И я дремлю, как умею, без сна и отдыха, растительная жизнь, жизнь фальшивая, и под моими веками беспокойно парит, как спокойная пена какого-то грязного моря, далекий отблеск немых уличных фонарей.

Сплю и не сплю.

С другой стороны от меня, там, позади моей постели, тишина дома прикасается к бесконечности. Я слышу ход времени, капля за каплей, ни одна капля не падает беззвучно. Память, сведенная на нет, о том, что было или чем я был, ощутимо сдавливает мое сердце. Чувствую, что моя голова лежит на подушке, превратившейся в холм. Ткань наволочки касается моей кожи, будто люди касаются друг друга в тени. А ушная раковина, прилегающая к подушке, с математической точностью впечатывается в мой мозг. Моргаю от усталости, и мои ресницы производят едва заметный шорох, неслышный на чувствительной белизне взбитой подушки. Дышу, вздыхая, и мое дыхание – так случается – становится уже не моим. Страдаю, не чувствуя и не думая. Часы в доме, в определенном месте, там, в бесконечности, бьют полчаса, сухое, обезличенное время. Вот и все – так, все – такое глубокое, все – такое черное и холодное!

Прохожу временами, прохожу молчаниями, бесформенные миры проходят через меня.
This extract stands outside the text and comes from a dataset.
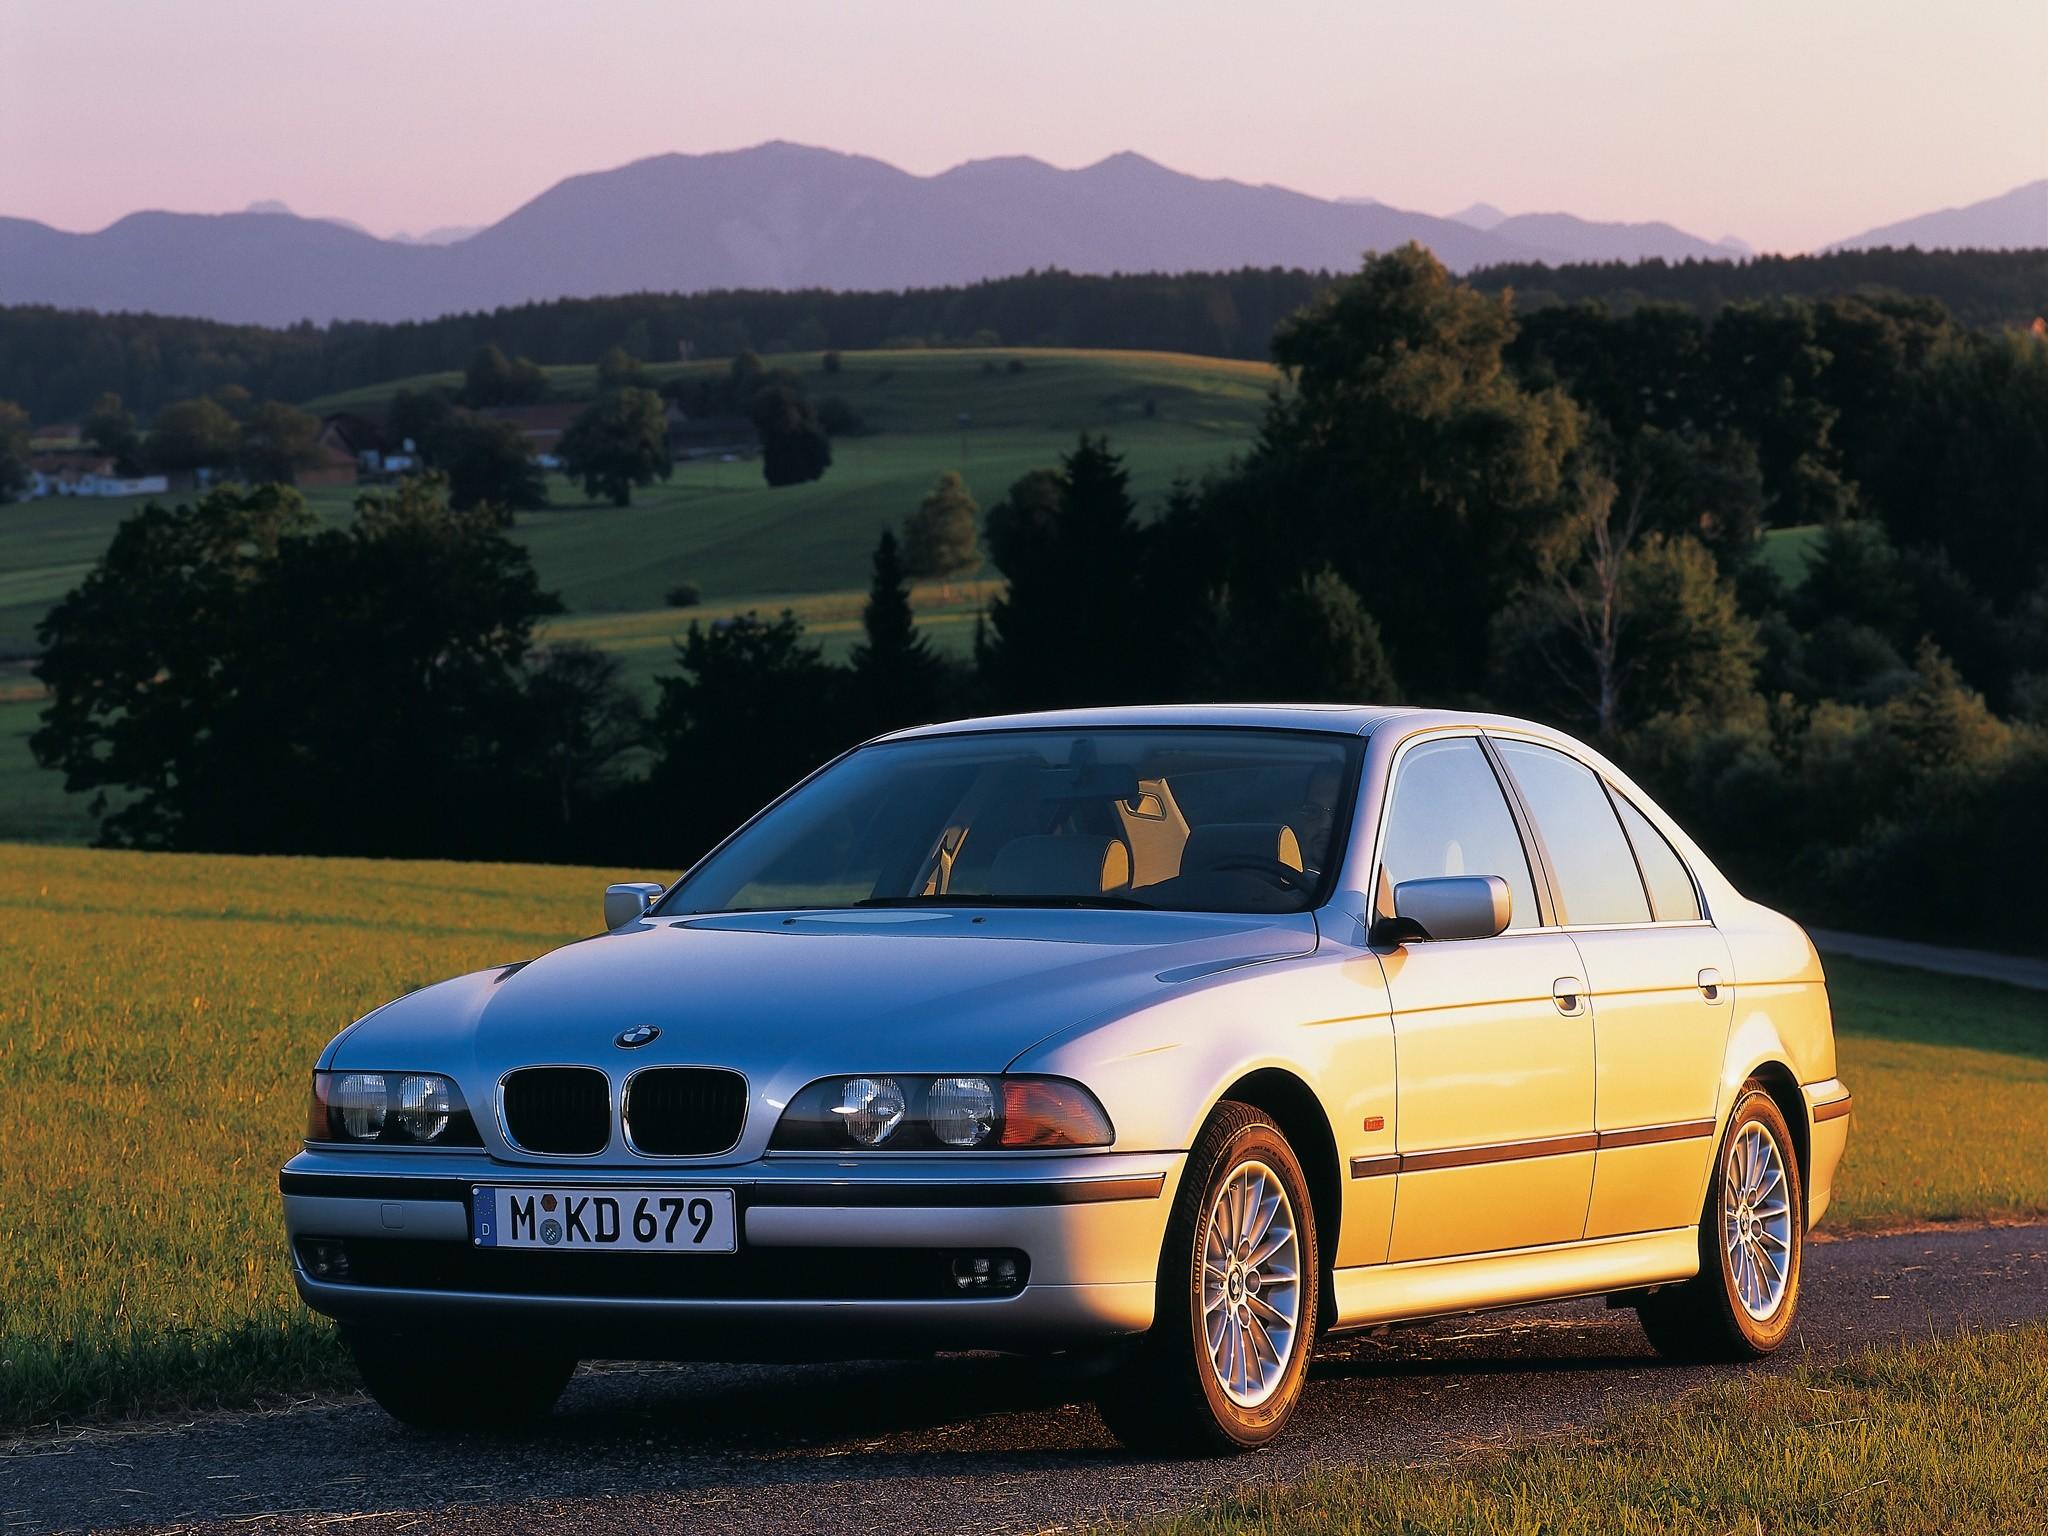 Car Steerying Wallpaper Bmw 5 Series E39 1995 1996 1997 1998 1999 2000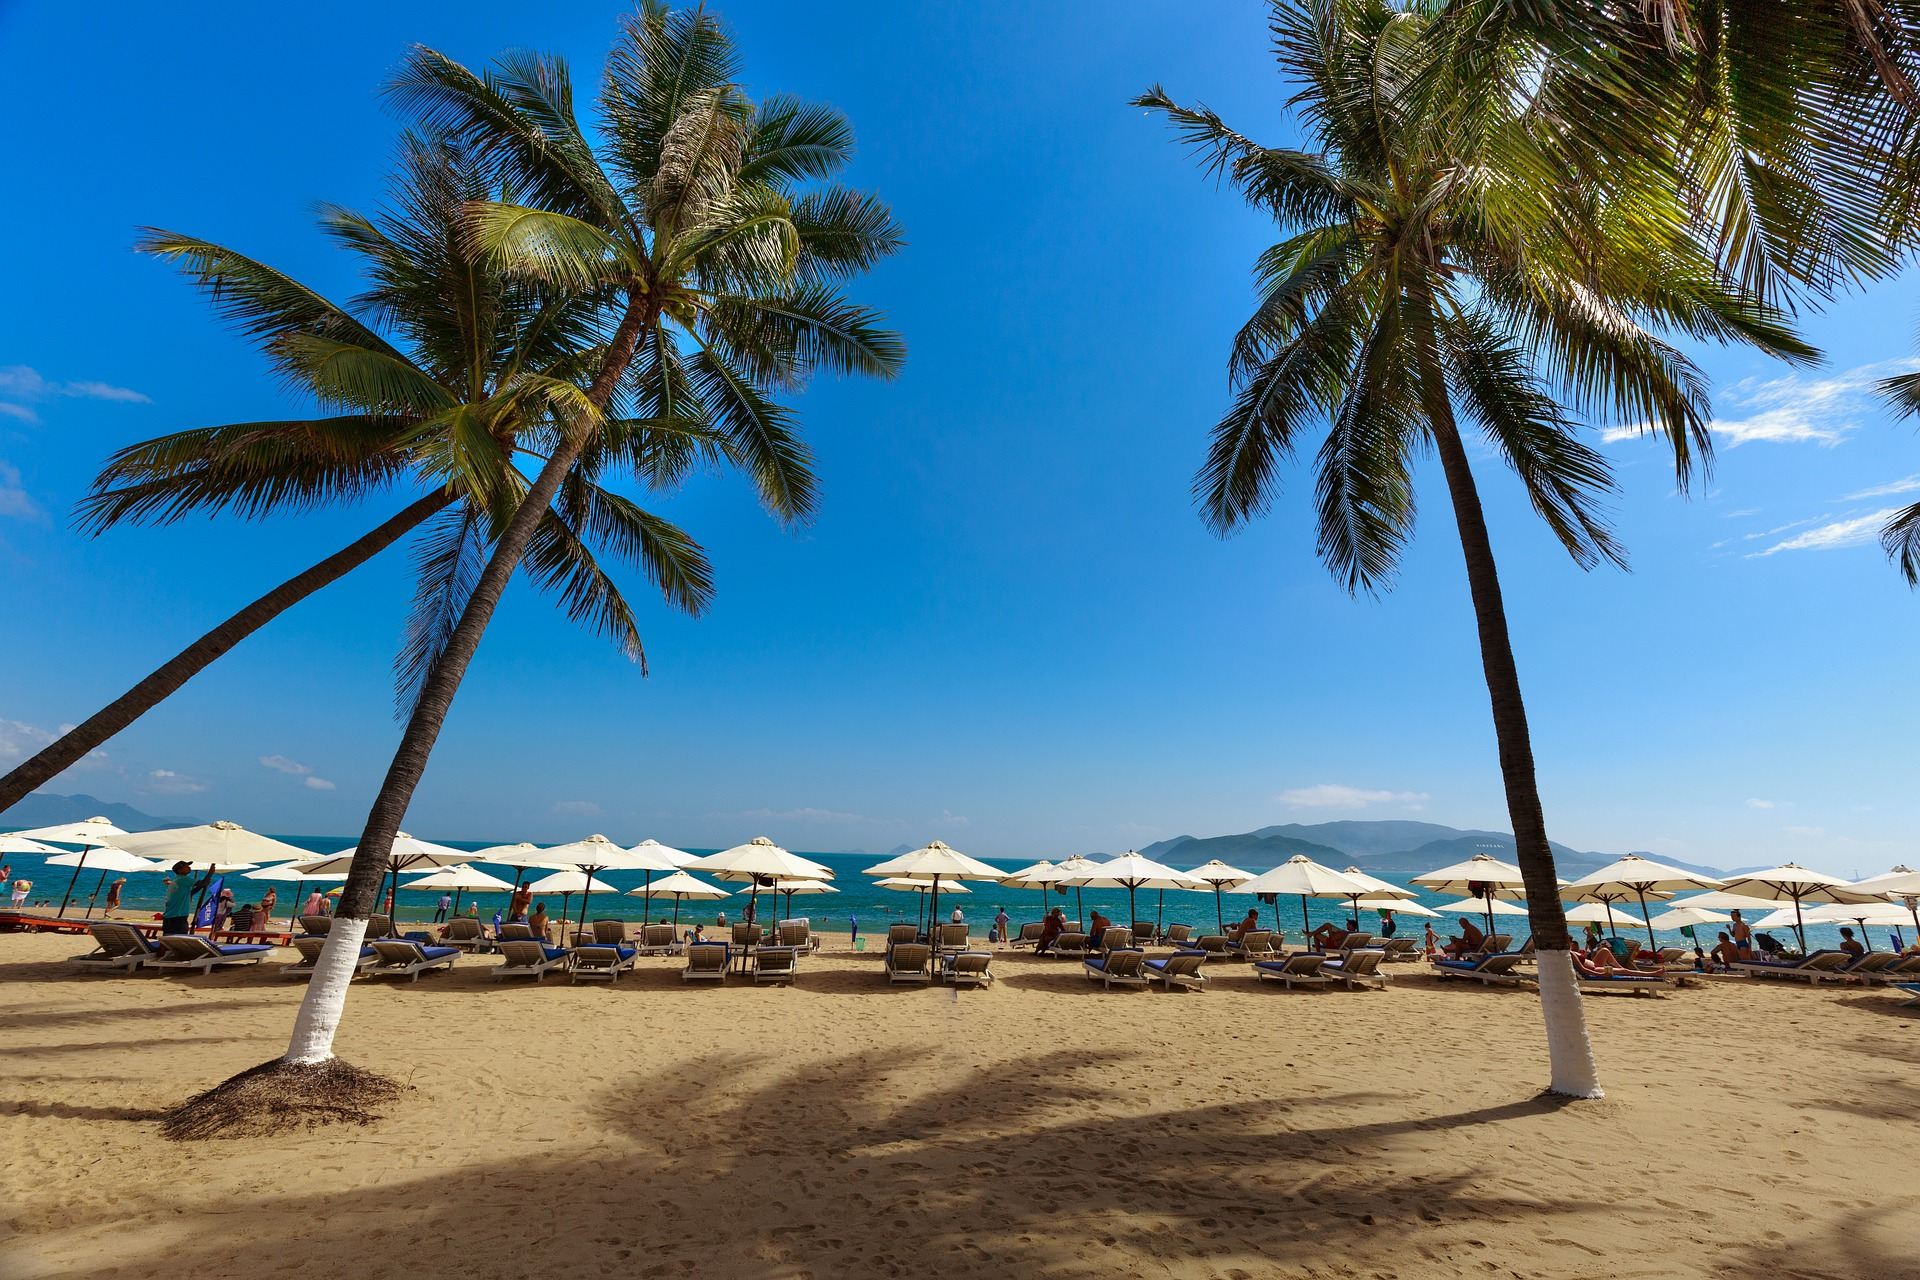 Ho Chi Minh Vietnam ab 249,50€ bist du am Strand Top 10

Внезапно, будто дитя из Таинства, поет петух, невзирая на ночь. Я могу спать, ведь во мне – утро. Чувствую, что улыбаюсь, легко отодвигая мягкие застежки наволочки, мешающие мне. Могу отдать себя жизни, могу заснуть, могу забыть о себе… И благодаря новому сну, что уже бросает на меня тень, или вспоминаю о певшем петухе, или это он действительно опять поет.

Симфония одной беспокойной ночи

Все было погружено в сон, будто весь мир оказался одной ошибкой; и ветер, колеблясь неясно, уподобился бесформенному знамени, развернутому над нереальным зданием. Но ничего не разрывалось в воздухе, чистом и густом, и оконные рамы подрагивали стеклами, это как бы слышалось здесь. Во глубине всего, молчаливая, ночь была гробницей Бога (душа страдала, жалея Бога).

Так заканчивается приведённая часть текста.